Sql-server – BM25 (full-text search) implementation in SQL Server

full-text-searchsql serversql-server-2008-r2

I've hit a stump, while trying to implement the BM25 algorithm in SQL Server 2008 R2. I know that SQL Server includes the Full-Text Search option, which already implements a variant of BM25, but I would like to do some parameter tuning tests and since the FTS procedures are non-editable (as far as I know), I've decided to implement it myself.
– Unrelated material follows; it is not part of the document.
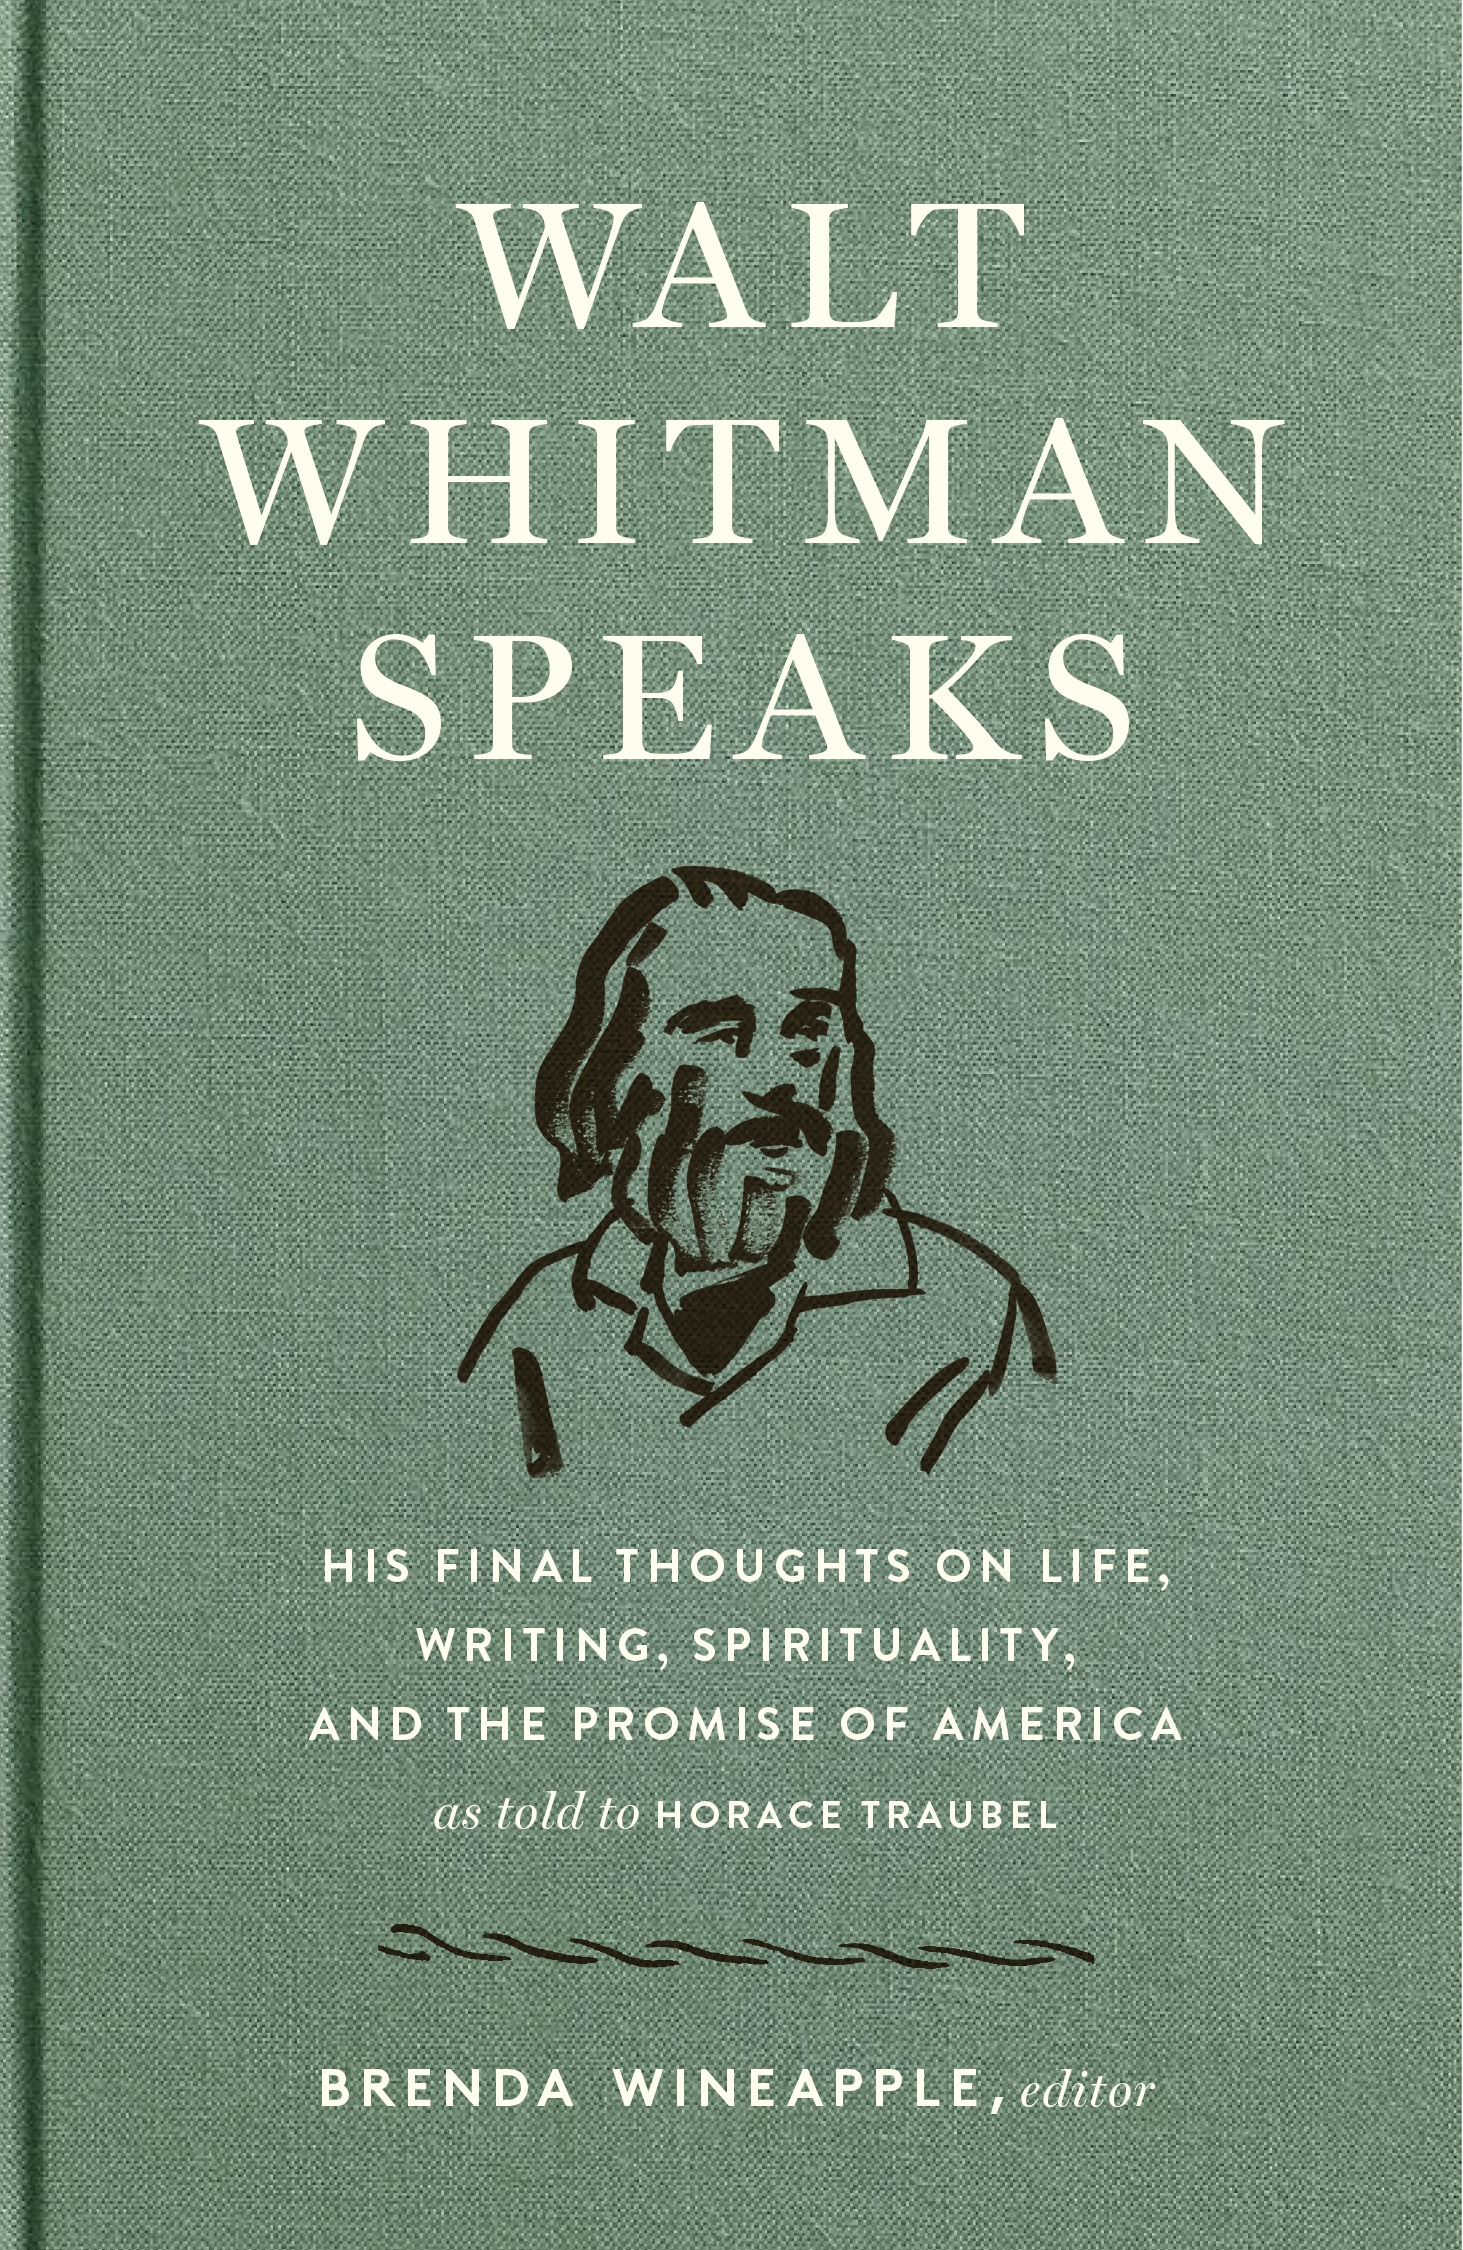 walt whitman short biography

I have two tables, TF (term frequency) and DF (document frequency) with the following structures:

TF

*Note: the weight column denotes importance of the word (it is usually 1)

ID | Term | DocumentID | Count | TermID | Weight*

DF

ID | Term | Count

The TF table contains the relationship between a term and a document; that is, the frequency of the term in a document. The DF table contains information about how many documents contain a term. The two tables can be linked using DF.ID and TF.TermID. Using these two tables I would now like to compute BM25 similarity values between two documents (one document acts as a query) according to the formula in the Wikipedia article. The tables TF and DF translate to functions f(q, D) and n(q) respectively:

enter image description here

enter image description here

I would like the result to be in this format:

DocumentA_ID | DocumentB_ID | BM25_Value

Here is some code that I have up to now:

DECLARE @N FLOAT;
DECLARE @AVGDL FLOAT;
DECLARE @K1 FLOAT;
DECLARE @B FLOAT;
SET @K1 = 1.2;
SET @B = 0.75;

-- number of all documents
SELECT @N = COUNT(DISTINCT DocumentID) FROM TF;

-- average document length (in words)
SELECT @AVGDL = AVG(DocumentLength) FROM (SELECT DocumentID, SUM(TF.Count) AS DocumentLength FROM TF WHERE Weight = 3 GROUP BY DocumentID) A;


-- BM25 implementation
SELECT  D.DocumentID AS DocumentA, 
        Q.DocumentID AS DocumentB, 
        *, 
-- need help here (SUM or something ...)
        LOG((@N - DF.Count + 0.5)/(DF.Count + 0.5)) AS IDF
FROM TF AS D
        INNER JOIN TF AS Q ON D.Term = Q.Term 
        INNER JOIN DF ON D.TermID = DF.ID
WHERE   D.DocumentID <> Q.DocumentID 

I'm having trouble constructing the query in the last section (BM25 implementation) to get the desired result format. Any help would be greatly appreciated.

Best Answer

After a few days of fiddling around, I finally managed to get this done. Here is the code I ended up with, packed into a stored procedure. For this to work, I added another table, which just holds a document ID and its length in words.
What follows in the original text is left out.